The joints (along with the nervous system) are causing those “tight” muscles, and this is one of the main tenets of the Z Health system. If the joints are sending noxious stimuli to the brain (which may or may NOT be painful, remember that interpretation of the signal in the brain), the brain will try to protect the joints by decreasing strength done by the muscles around it (and other muscles also). If you have tight hamstrings, foam rolling your hamstrings will probably not solve the issue LONG TERM. Working on the foot/ankle and some times elbow circles may help hamstring issues, but that is another topic.
Anyone want to buy a foam roller?
The current trend in some areas seems to be going to more and more aggressive pain inducing massicistic massage. If I had no scruples, I would file IP on a foam roller with spikes on it! Seriously, I think that could have been my retreat to Fiji idea. If someone reads this and does do it, please drop me an invite to your private dessert island.
Foam roller work must also follow the SAID (Specific Adaptation to Imposed Demand) principal meaning that your body will ALWAYS adapt to EXACTLY what you do. So we know that doing foam roller work will make you better at doing foam roller work. Last I checked, there was not a foam roller competition, but maybe they have one now. I doubt there is much positive transfer from foam rolling to many other activities, but I will leave that for you to test out.
Does this mean that all soft tissue work is bad?
Of course not! A foam roller even by most of its biggest advocates admits that it is rather limited and works well primarily for the lower extremities. Massage has a neat feature where the hands working on you are attached to someone else’s brain that can intrepid what the heck is going on and adjust accordingly. Last time I checked, foam rollers were pretty dumb (another free IP idea is a “smart foam” roller that increases density in response to force). Even some ART practitioners are experimenting with lighter pressure with good results. I do think there still is a tendency to only treat the site of pain (although this is changing) and many times the relief is short lived.
So what do I do? Help!
I am a realist and know that very few are going to have a foam roller burning party based off of one article on my blog, but one can dream right. Wait, check that, Al Gore just called and said that the burning of foam rollers is bad for green house gases so please recycle them instead. No green credits for you, bad dog. Instead, you could use it in place of board presses at your local gym.

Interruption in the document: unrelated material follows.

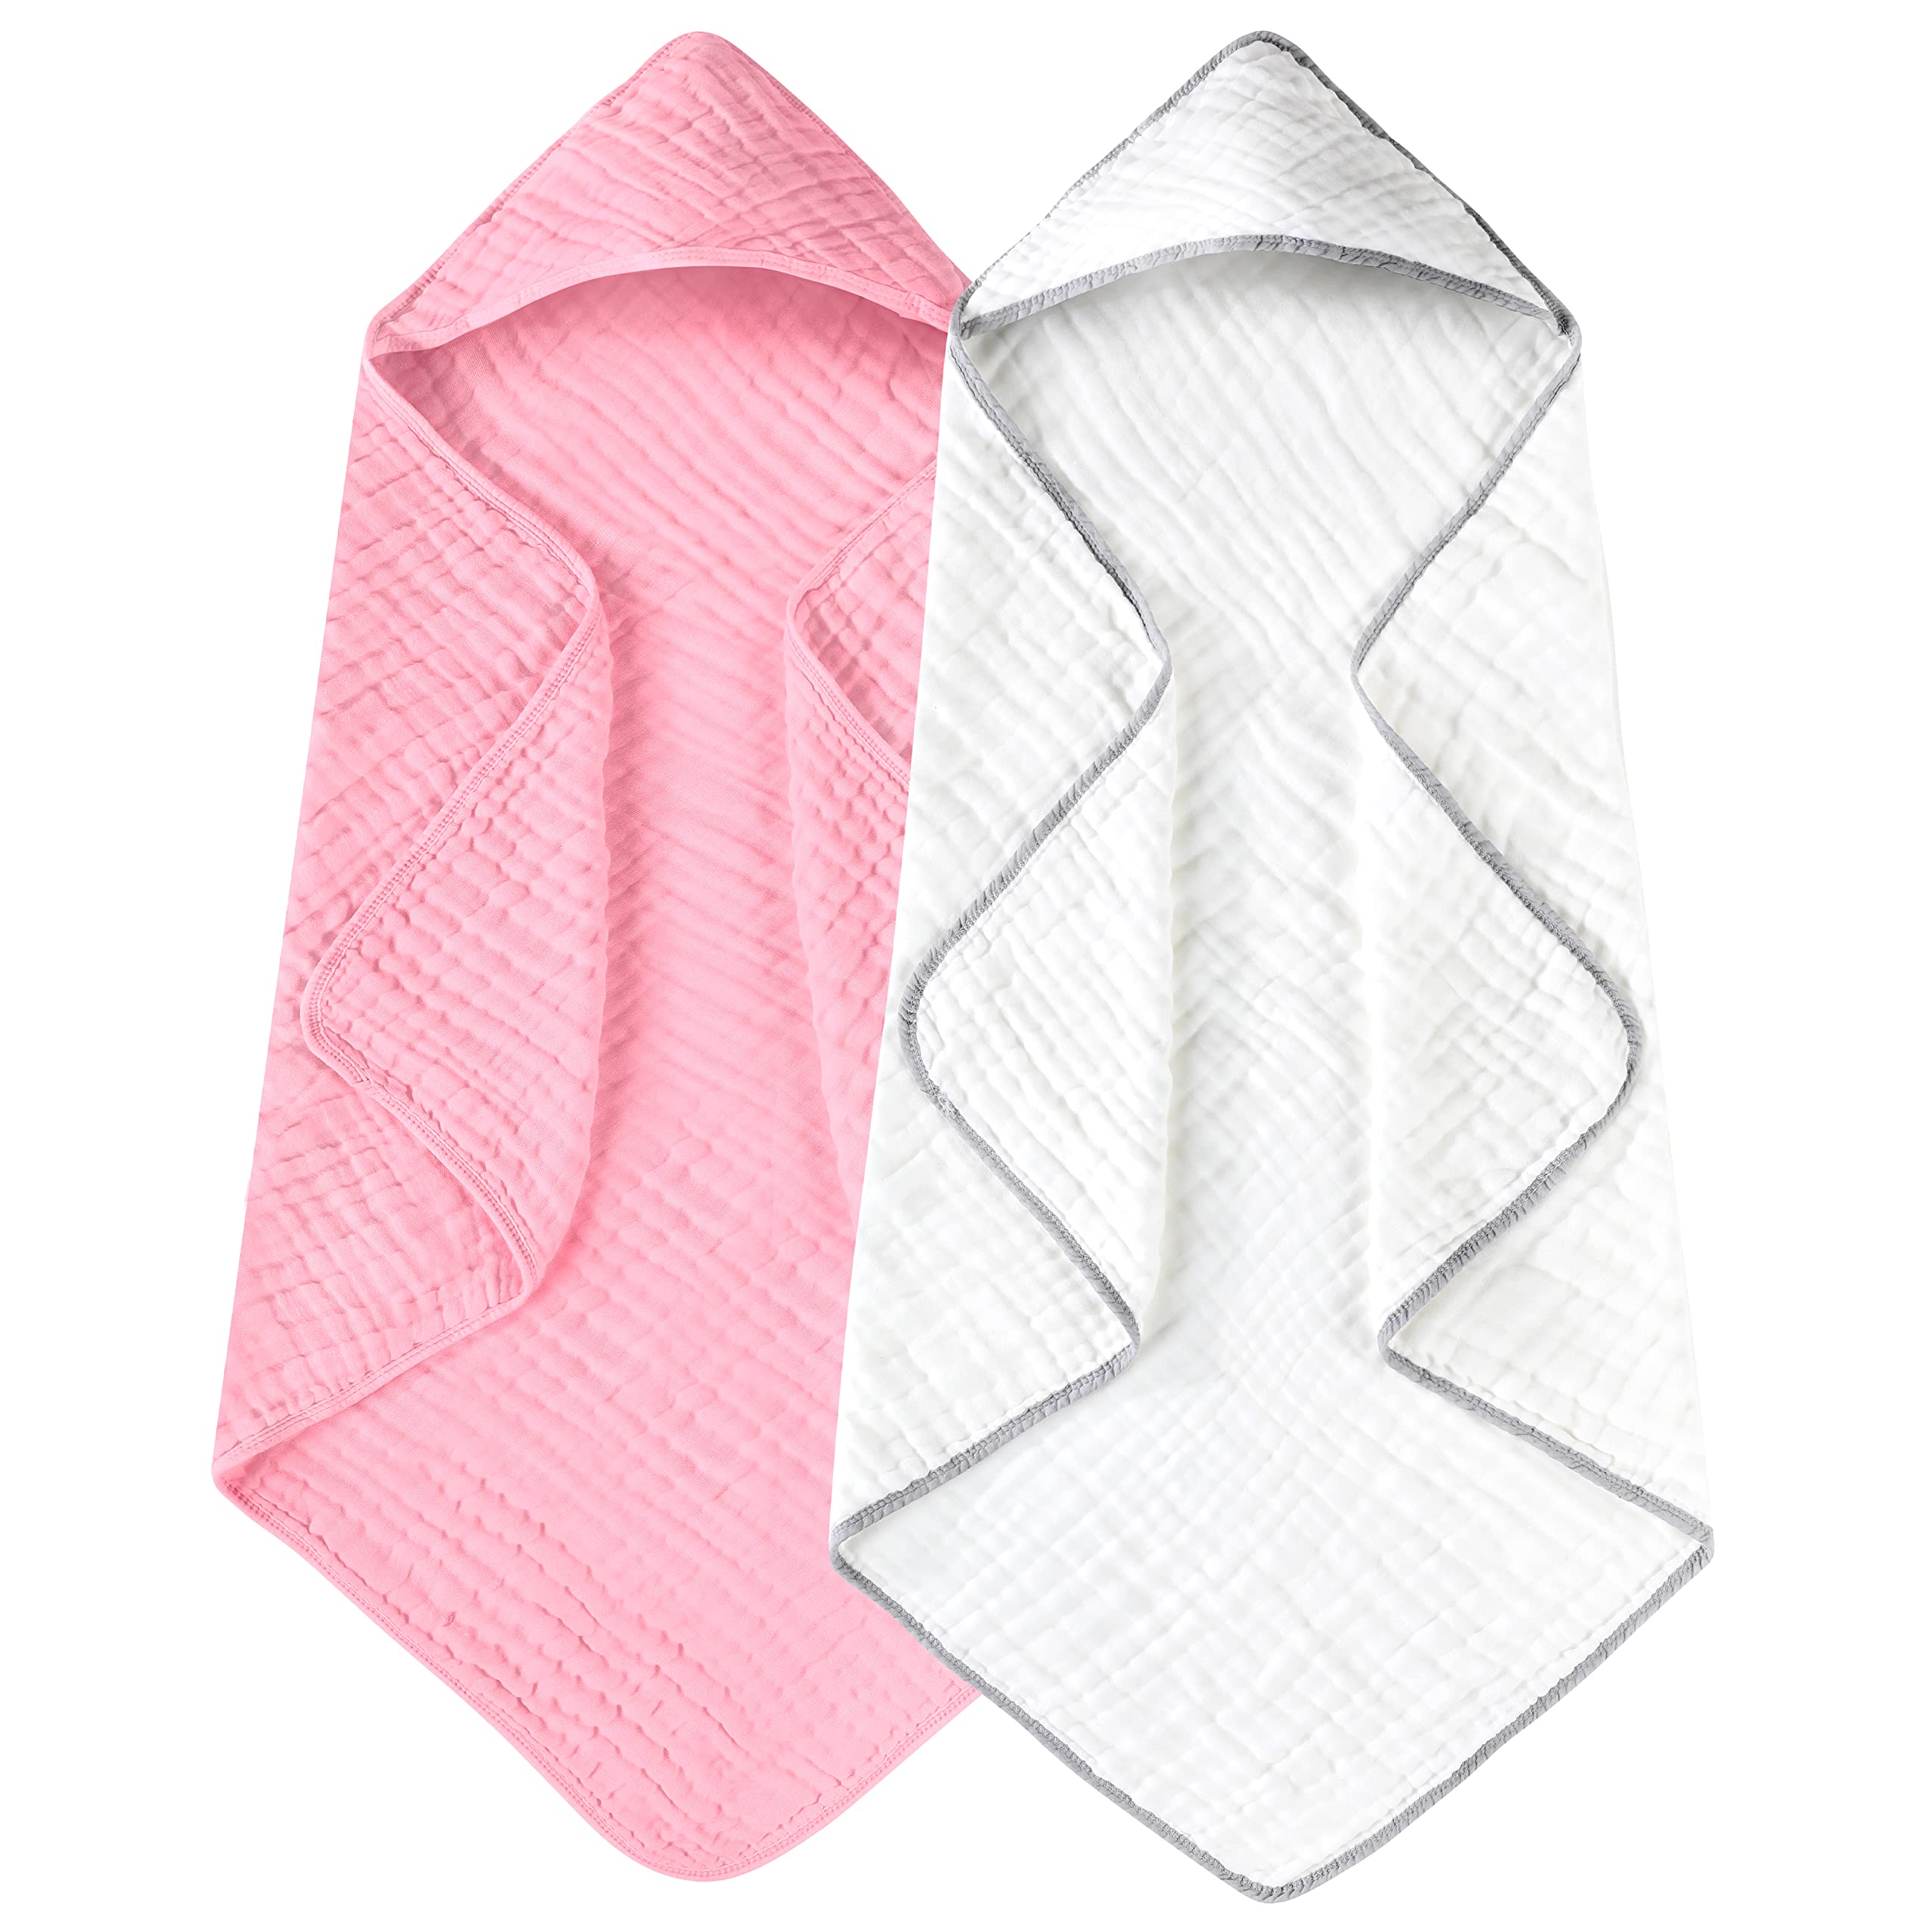 Yoofoss Hooded Baby Towels for Newborn 2 Pack 100% Muslin Cotton Baby

To quote Jim Wendler “You don’t have to smuggle the foam into a commercial gym like you would the boards. You can simply state that it is a rehab tool. And when you say “tool” you can smile and make sure the Jabroni at the front desk knows that you are actually talking about him.” (6)
1) At minimum, don’t do any foam roller work before a training session and maybe only some light work afterwards
2) Make sure it is NOT painful, especially if you are doing it before a lifting session. Remember pain decreases performance.
3) Try replacing some foam roller work with some precise joint mobility like the Z Health Neuro Warm Up
4) Find a trainer/therapist that uses non painful hands on work combined with active mobility work. A Z Health Level 4 (hey, that is me—shameless I know) is a great place to start. Even many of the R Phase movements can have profound results on soft tissue due to the involvement of the nervous system.
Any comments, let me have em’
1. Dr. John Berardi: G-Flux Simplified. March 3, 2007. The Fitcast Insider www.thefitcastinsider.com. Accessed June 5, 2007.
2. Fallon J. B., V. G. Macefield. Vibration sensitivity of human muscle spindles and Golgi tendon organs. Muscle Nerve. 36(1):21-29, 2007.
3. Cui J., V. Mascarenhas, R. Moradkhan, C. Blaha, L. I. Sinoway. Effects of Muscle Metabolites on Responses of Muscle Sympathetic Nerve Activity to Mechanoreceptor(s) Stimulation in Healthy Humans. Am J Physiol Regul Integr Comp Physiol., 2007.
4. [IASP] International Association for the Study of Pain. 2008, Jan 3. IASP home page. http://www.iasp-pain.org. Accessed Jan 3 2008.
5. Dr. Eric Cobb. Personal communication. December 19, 2007.